Abstract: Background and Purpose: Clinical prediction rules (CPRs) involving physical therapy interventions have been published recently. The quality of the studies used to develop the CPRs was not previously considered, a fact that has potential implications for clinical applications and future research. The purpose of this systematic review was to determine the quality of published CPRs developed for physical therapy interventions. Methods: Relevant databases were searched up to June 2008. Studies were included in this review if the explicit purpose was to develop a CPR for conditions commonly treated by physical therapists. Validated CPRs were excluded from this review. Study quality was independently determined by 3 reviewers using standard 18-item criteria for assessing the methodological quality of prognostic studies. Percentage of agreement was calculated for each criterion, and the intraclass correlation coefficient (ICC) was determined for overall quality scores. Results: Ten studies met the inclusion criteria and were included in this review. Percentage of agreement for individual criteria ranged from 90% to 100%, and the ICC for the overall quality score was .73 (95% confidence interval=.27–.92).
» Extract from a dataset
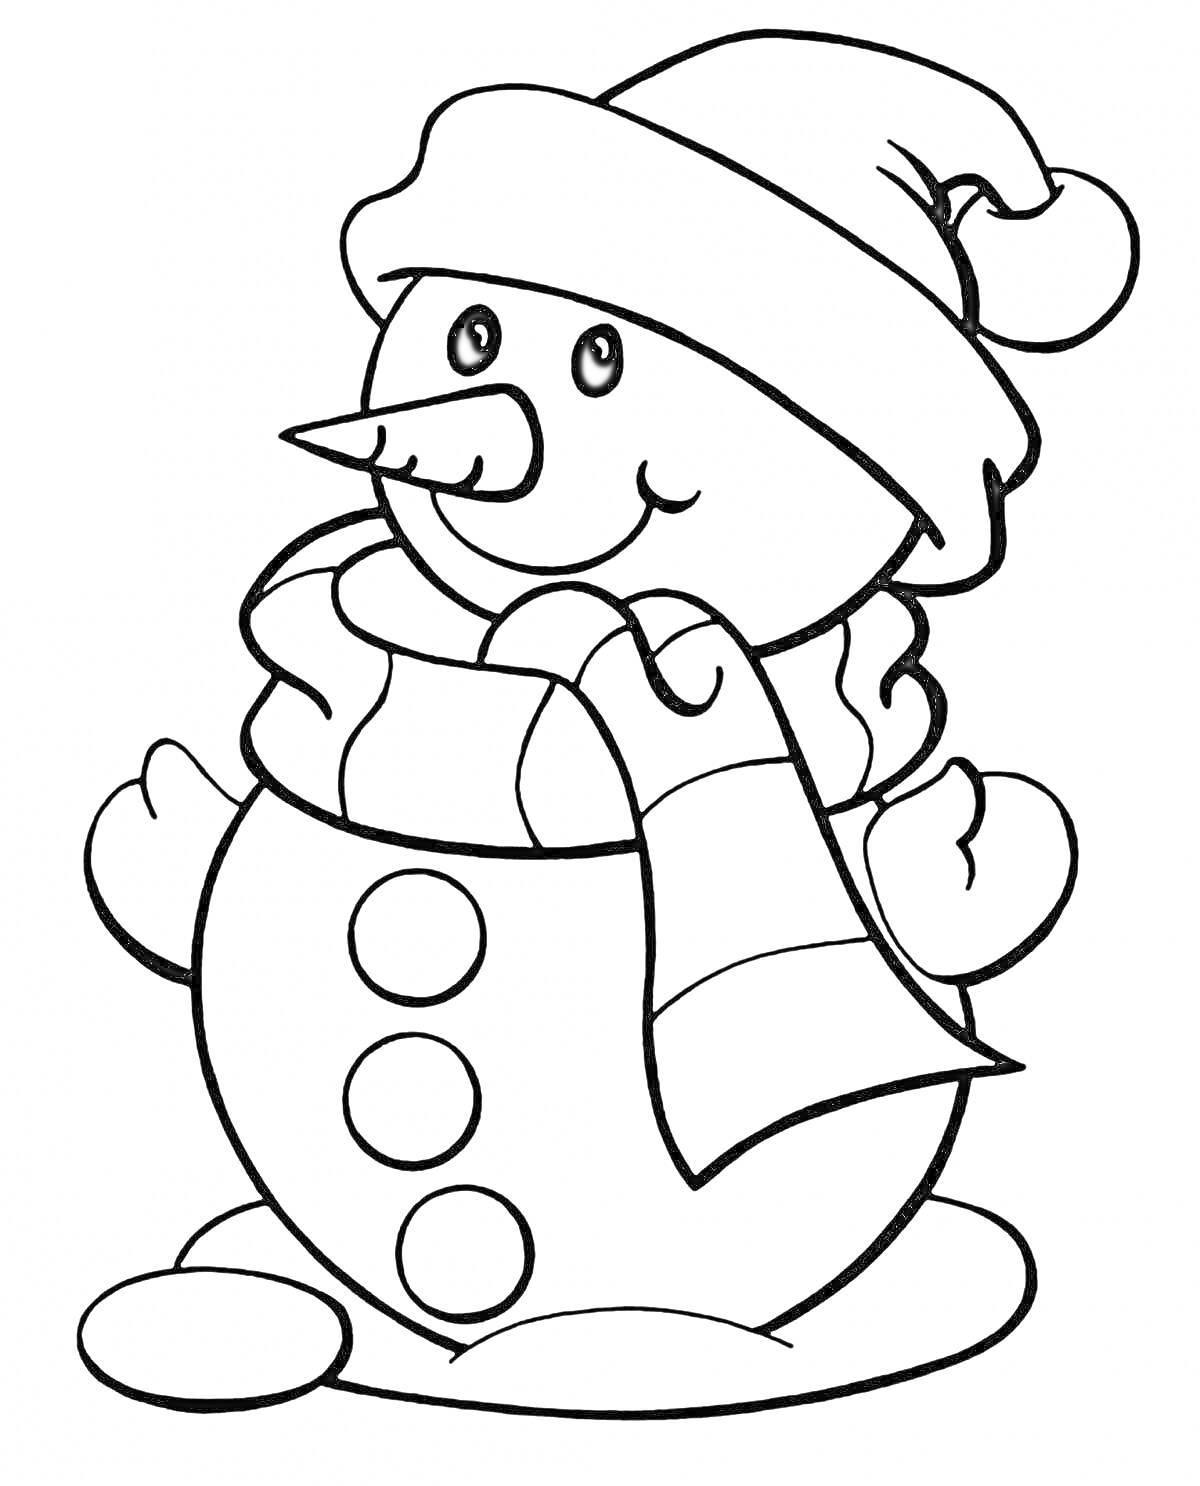 Раскраска Снеговик в шапке и шарфе с пуговицами

Criteria commonly not met were adequate description of inclusion or exclusion criteria, inclusion of an inception cohort, adequate follow-up, masked assessments, sufficient sample sizes, and assessments of potential psychosocial factors. Quality scores for individual studies ranged from 48.2% to 74.0%. Discussion and Conclusion: Validation studies are rarely reported in the literature; therefore, CPRs derived from high-quality studies may have the best potential for use in clinical settings. Investigators planning future studies of physical therapy CPRs should consider including inception cohorts, using longer follow-up times, performing masked assessments, recruiting larger sample sizes, and incorporating psychological and psychosocial assessments.